The second was New York City’s New School for Social Research. which eventually  hired 180 scholars from Europe. Founded in 1919 by progressive educators, it was directed by Alvin Johnson, an economist whose international research had made him aware of the Nazi danger. By 1933, he had raised money to fund the University in Exile and subsequently hired an all-refugee faculty to teach in what became the graduate Faculty of Political and Social Science. Other institutions that hired more than a handful of refugees were the newly established Institute for Advanced Study located in Princeton, New Jersey, though it was not affiliated with the university; arts-oriented Black Mountain College in Asheville, North Carolina; and historically black colleges that were in need of faculty. A few established organizations, including The Rockefeller Foundation, the American Friends Service Committee, and the American Association of University Women, also expanded their mandates and stepped in to help fund these professorships.

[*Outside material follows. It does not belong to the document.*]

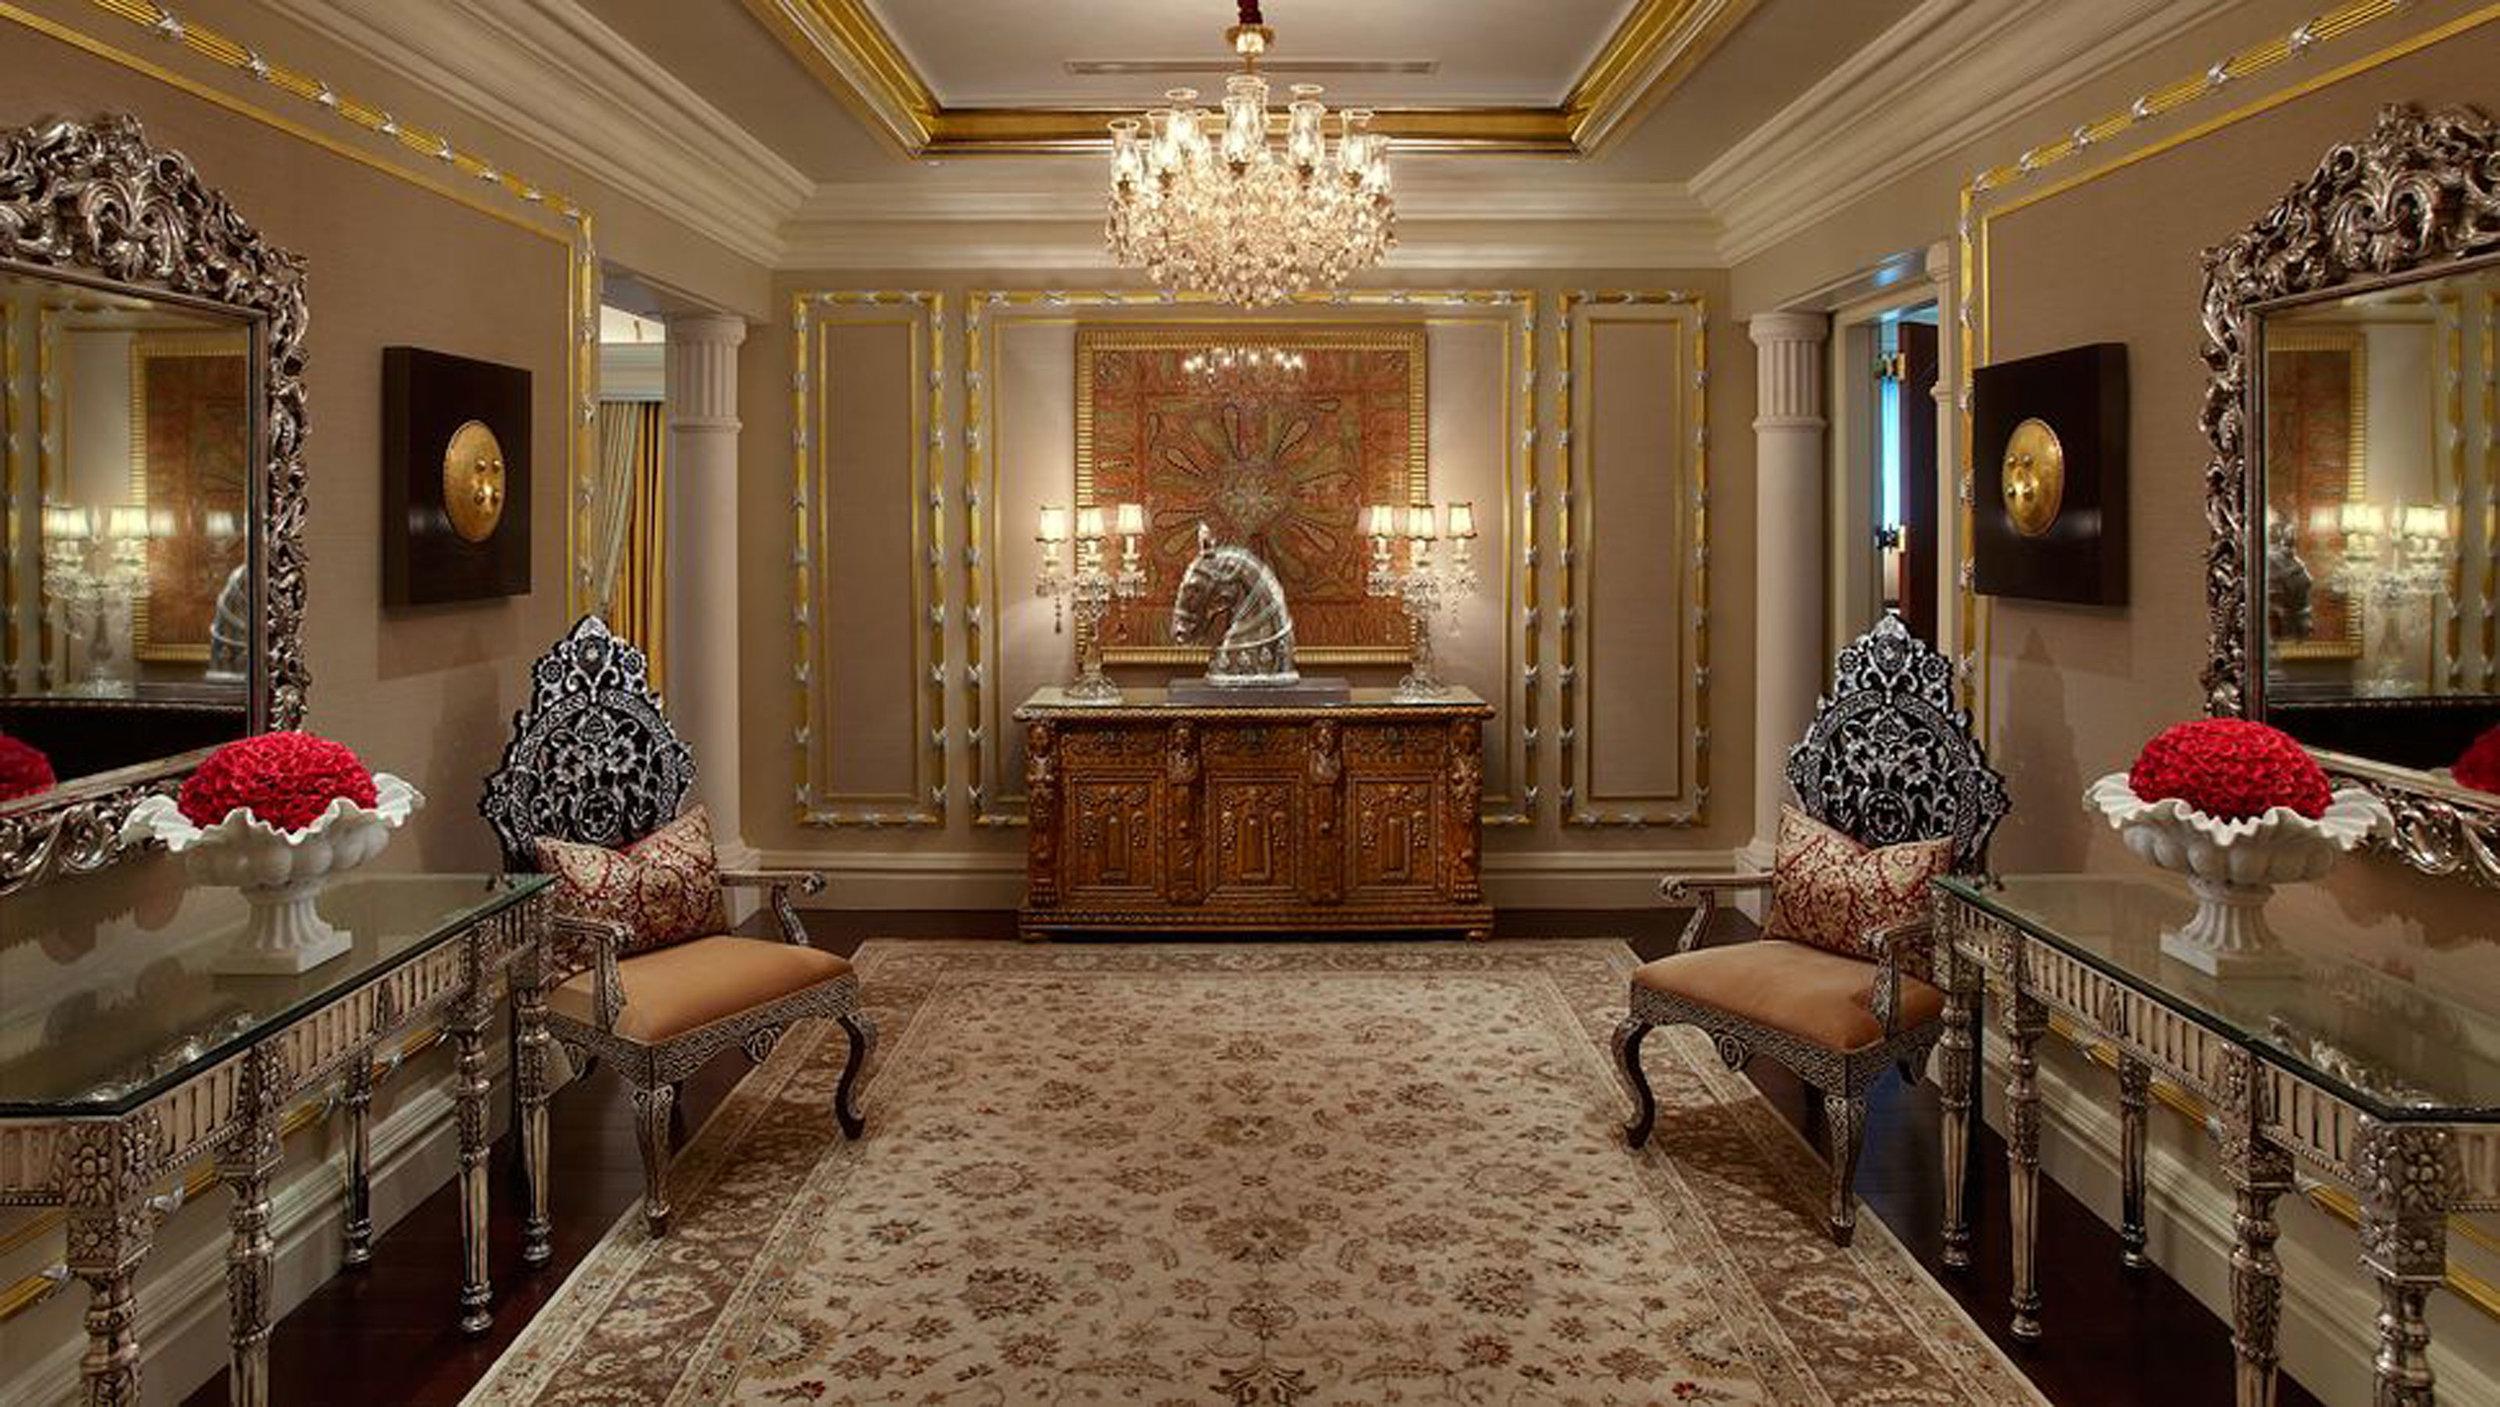 008716-11-maharaja_suite_entrance.jpg

Leff analyzes and quotes from internal organizational memos. While a few provide a gleam of humanity, the correspondence mostly paints a discouraging picture of the narrow-mindedness and callousness of American university administrators and officials at the U.S. State Department at a time of mounting crisis. In light of immigrant issues today — and, of course, knowing what happened to the scholars who remained in Europe — the gentlemen exchanging letters about overseas scholars sound like Goldilocks dissatisfied with her choices of gruel. Prospective hires from Europe were supposed to be not too young, not too old, not too right-wing, not too left-wing, and not female. Some administrators specifically asked for Aryans or Protestants or men who appeared Nordic. Many colleges and universities referenced a “one-Jew rule” for their departments. Some asked or described without being asked “how Jewish” a candidate looked or sounded or behaved. With all this going on in addition to the usual hiring issues of turf and ego, it’s a wonder they hired as many refugees as they did.

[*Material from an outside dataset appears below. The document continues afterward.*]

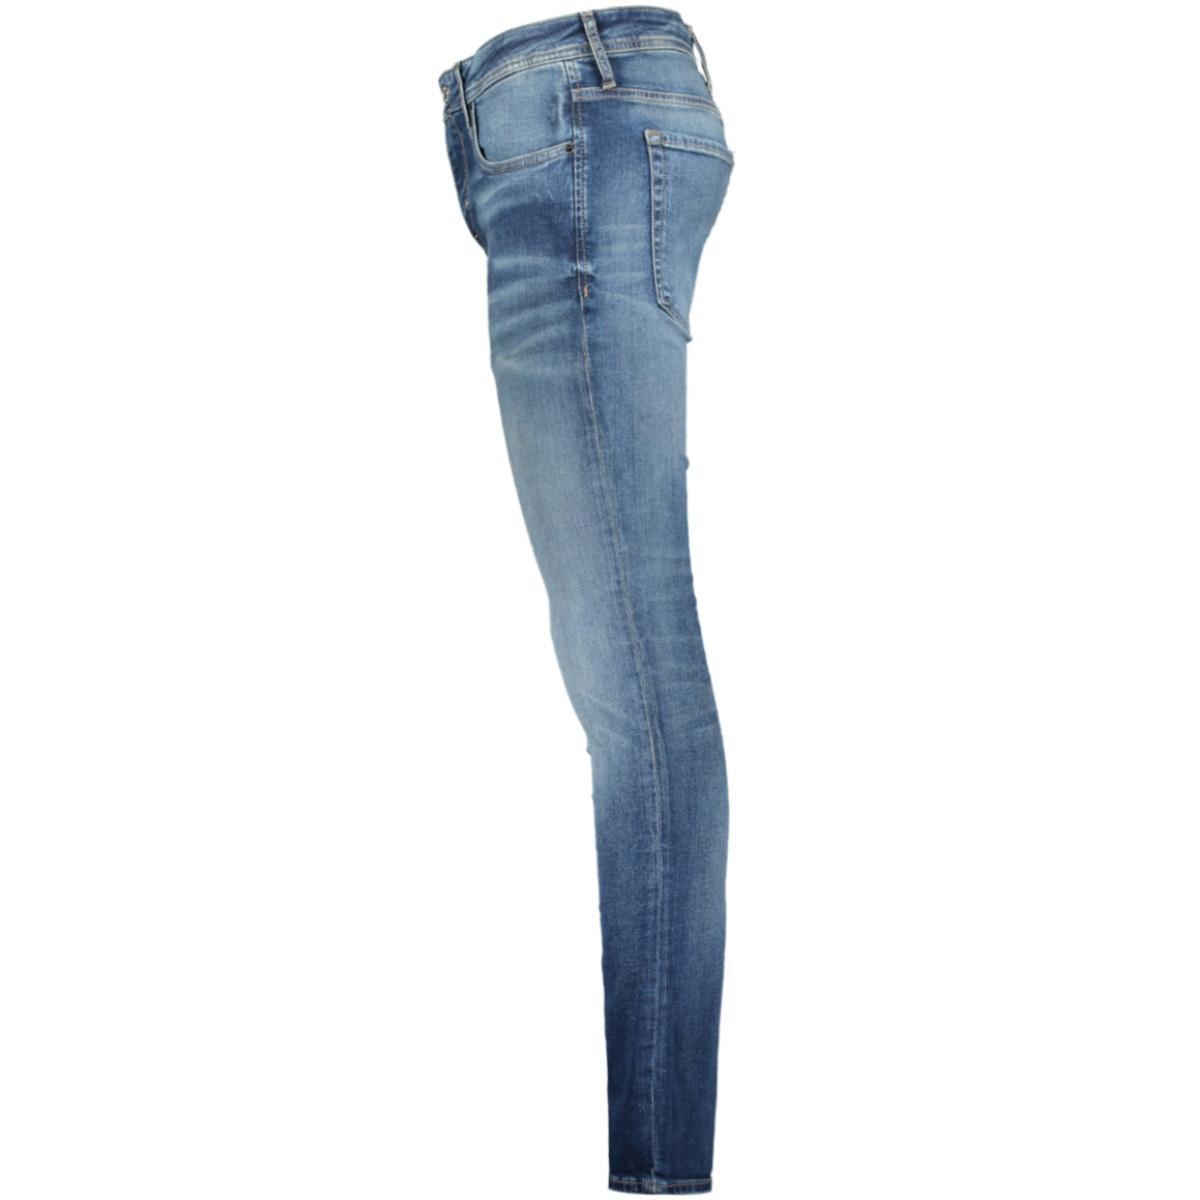 jeans tapered ozzy mmdt00198 antony morato jeans 7010 blue denim

Murrow, of course, was onto this right away, and I wondered how much of his American experience would later inform his war reporting from Europe. Murrow visited many universities personally and found “a general indifference and a smug complacency in the face of what has happened in Germany… a tendency to consider the matter as a Jewish problem and a failure to realize that it represents a threat to academic freedom in this country as well as in Europe. Part of this attitude undoubtedly has its roots in a latent anti-Semitism which in my judgment is increasing very rapidly.”

This is an ambitious study that was probably not easy to document, organize, write, or live with. I salute Leff for addressing this unwritten history with such a devastating book.


Helen Epstein is the author of ten books of non-fiction and editor of the forthcoming Franci’s War (Penguin 2020). She has reviewed for The Arts Fuse since its inception.